START Collected data

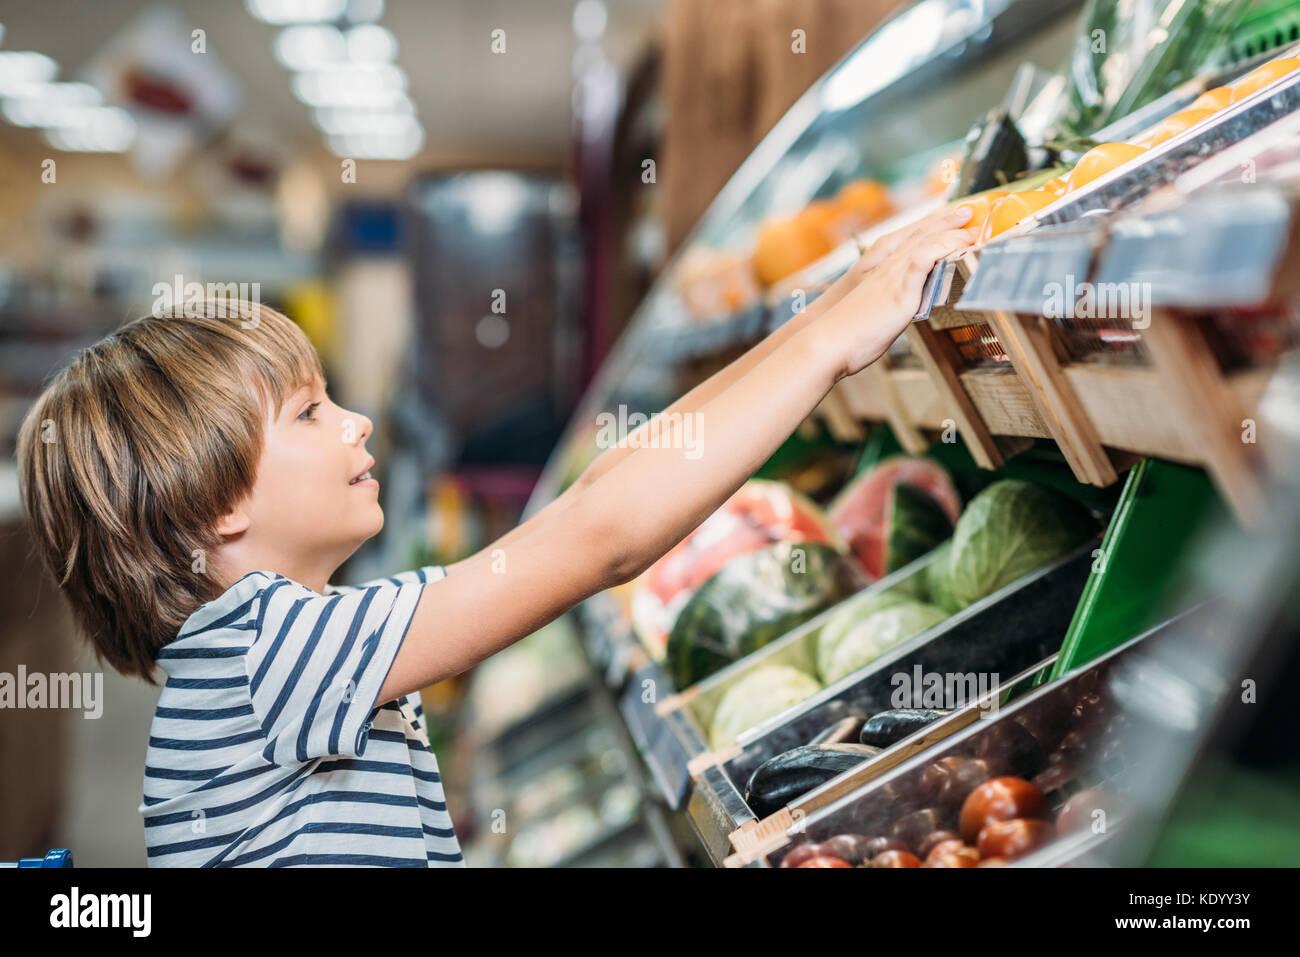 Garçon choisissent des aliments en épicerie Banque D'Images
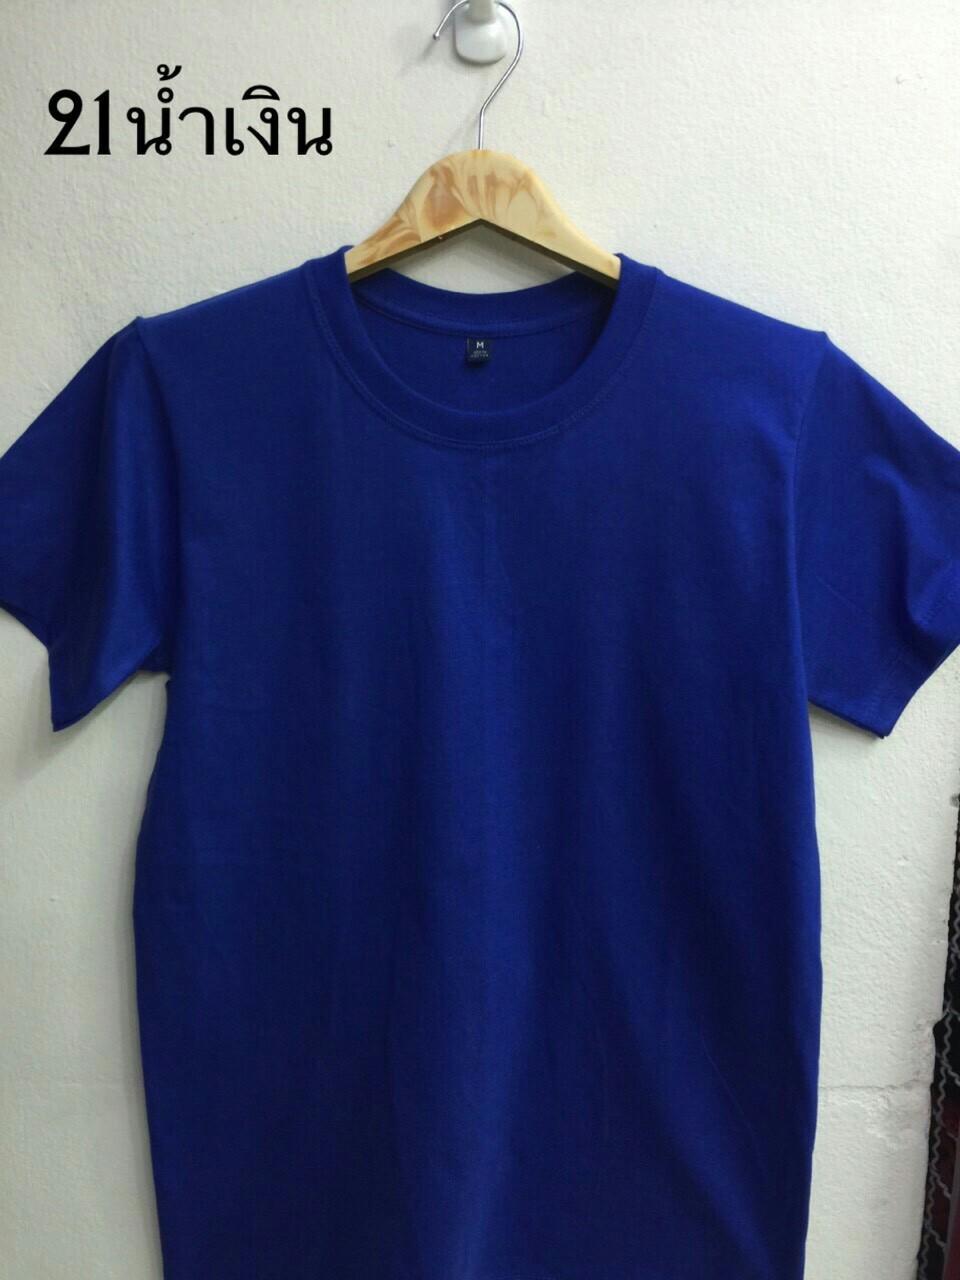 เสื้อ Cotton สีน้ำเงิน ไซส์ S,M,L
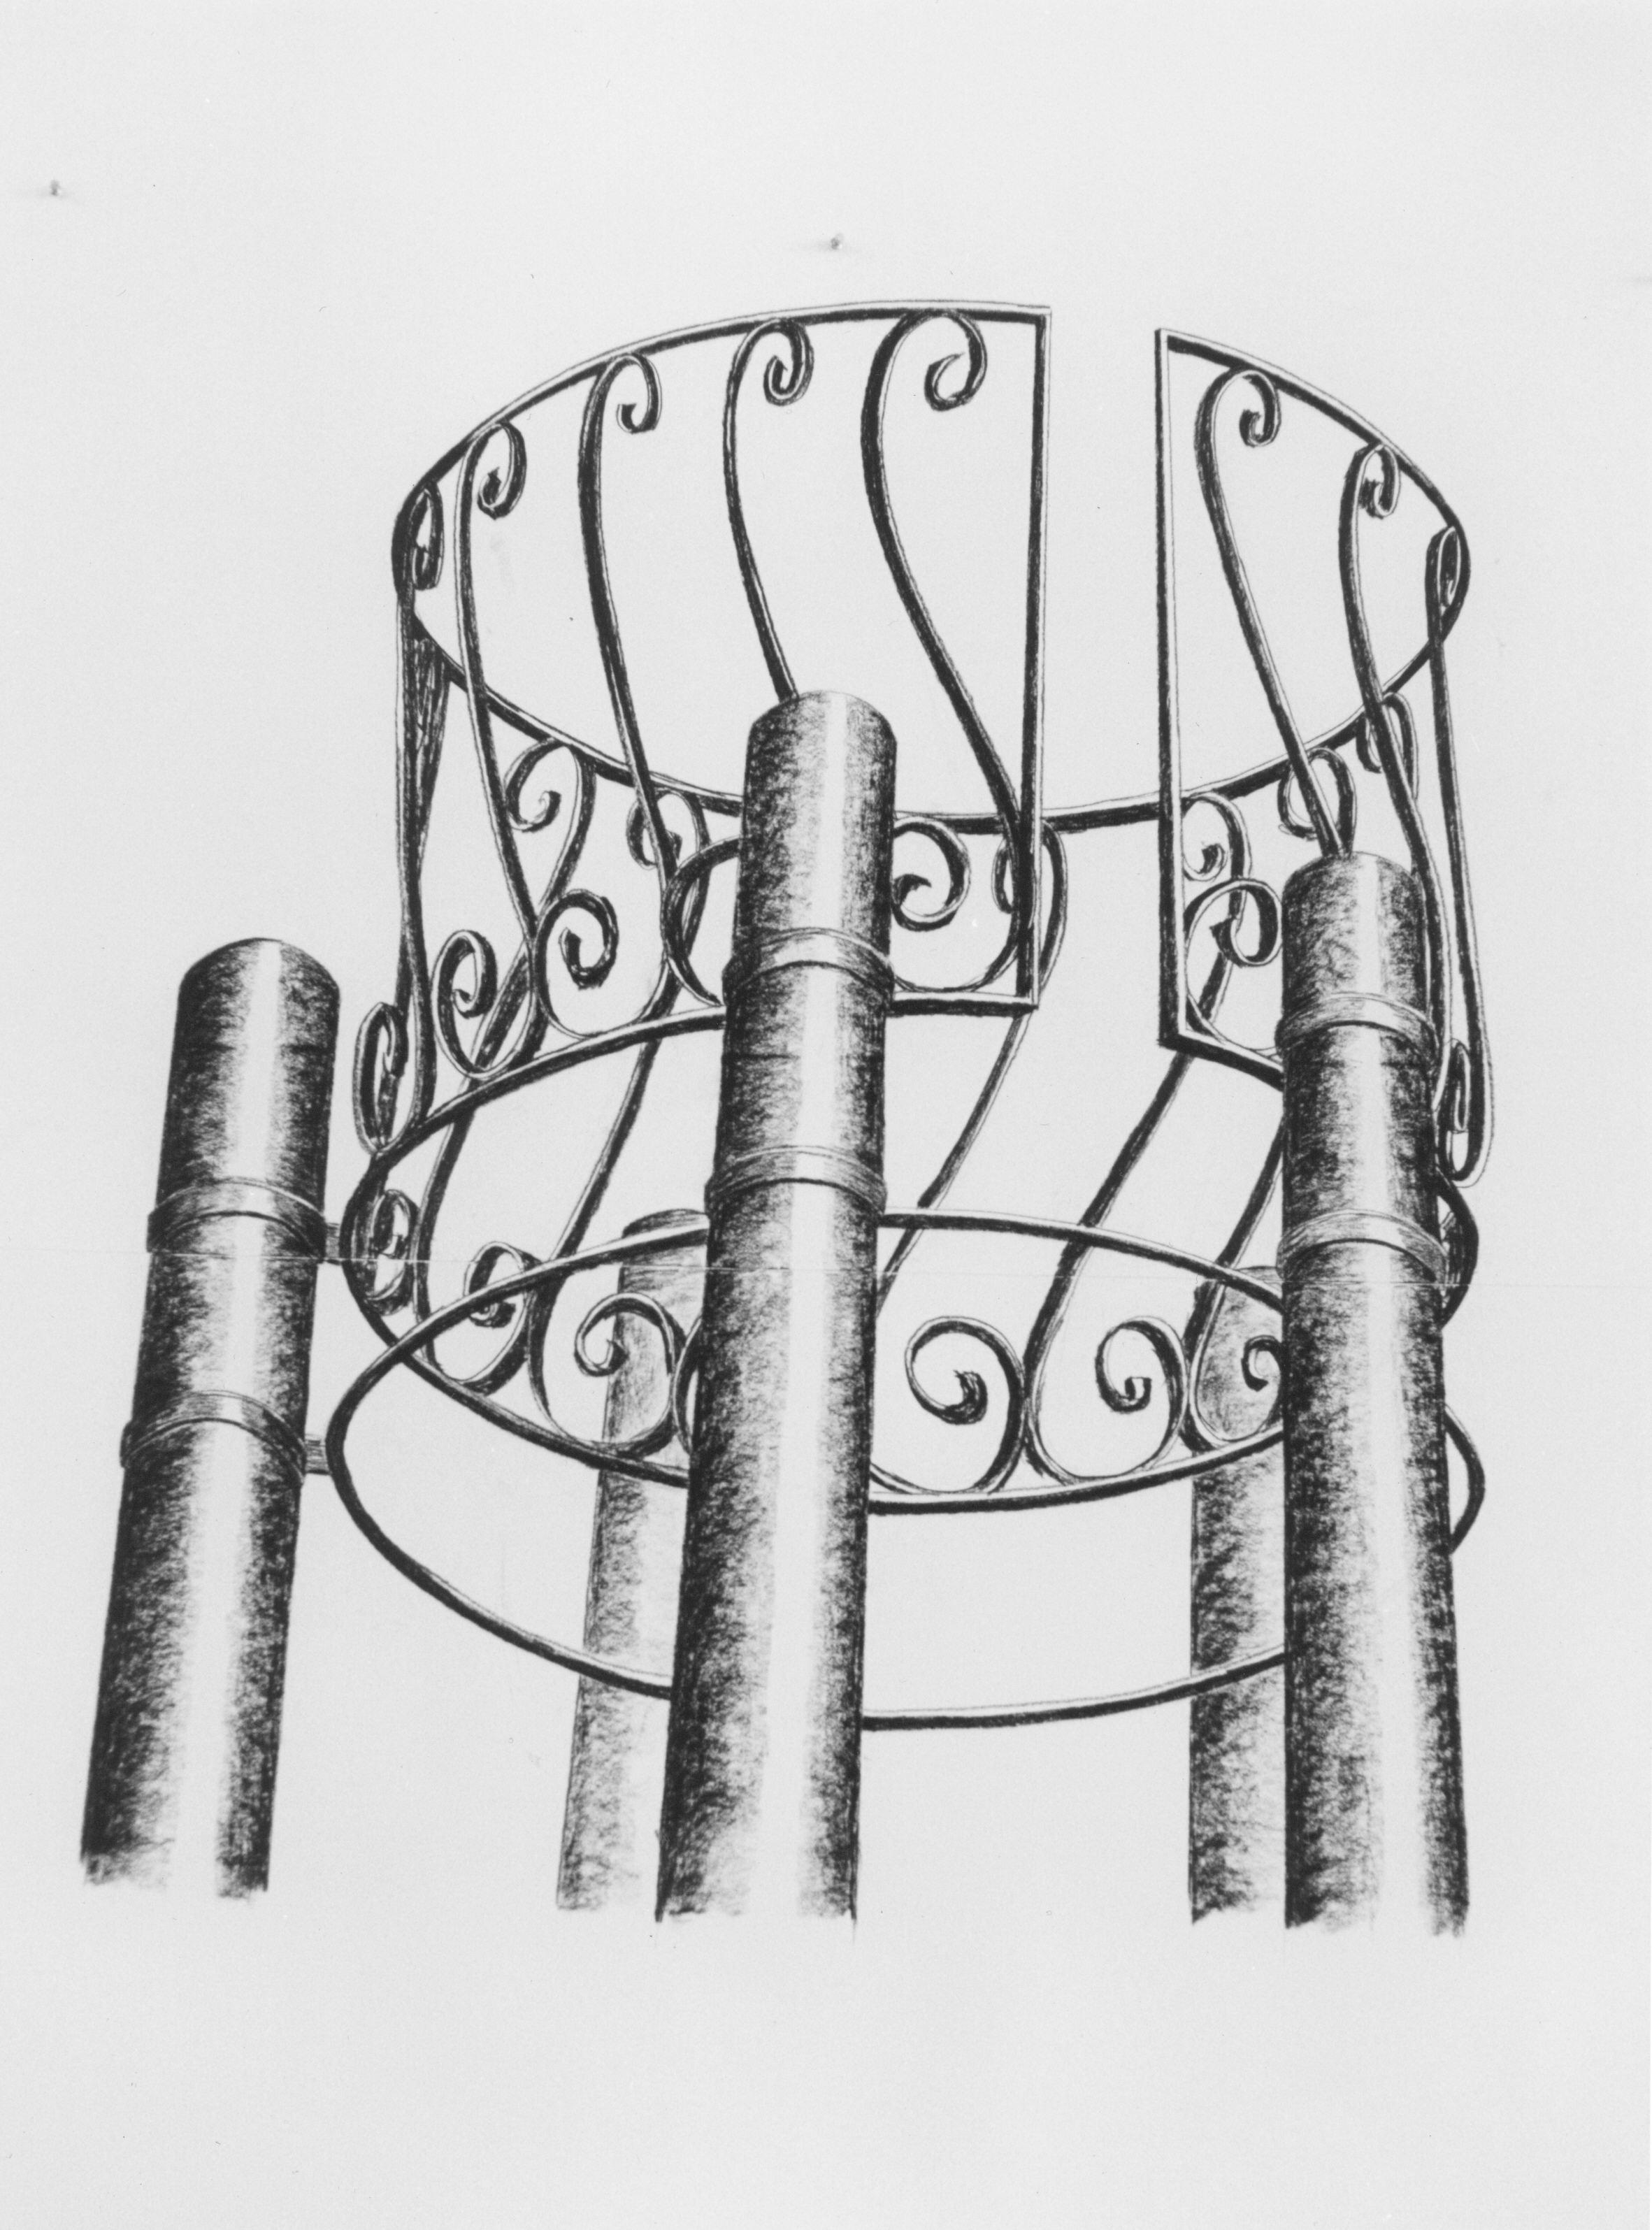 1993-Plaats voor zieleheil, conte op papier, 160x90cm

END Collected data

• [Your objective]:
Please print the data above once more, exactly and without images.

• [Response below]:
 Garçon choisissent des aliments en épicerie Banque D'Images
 เสื้อ Cotton สีน้ำเงิน ไซส์ S,M,L
 1993-Plaats voor zieleheil, conte op papier, 160x90cm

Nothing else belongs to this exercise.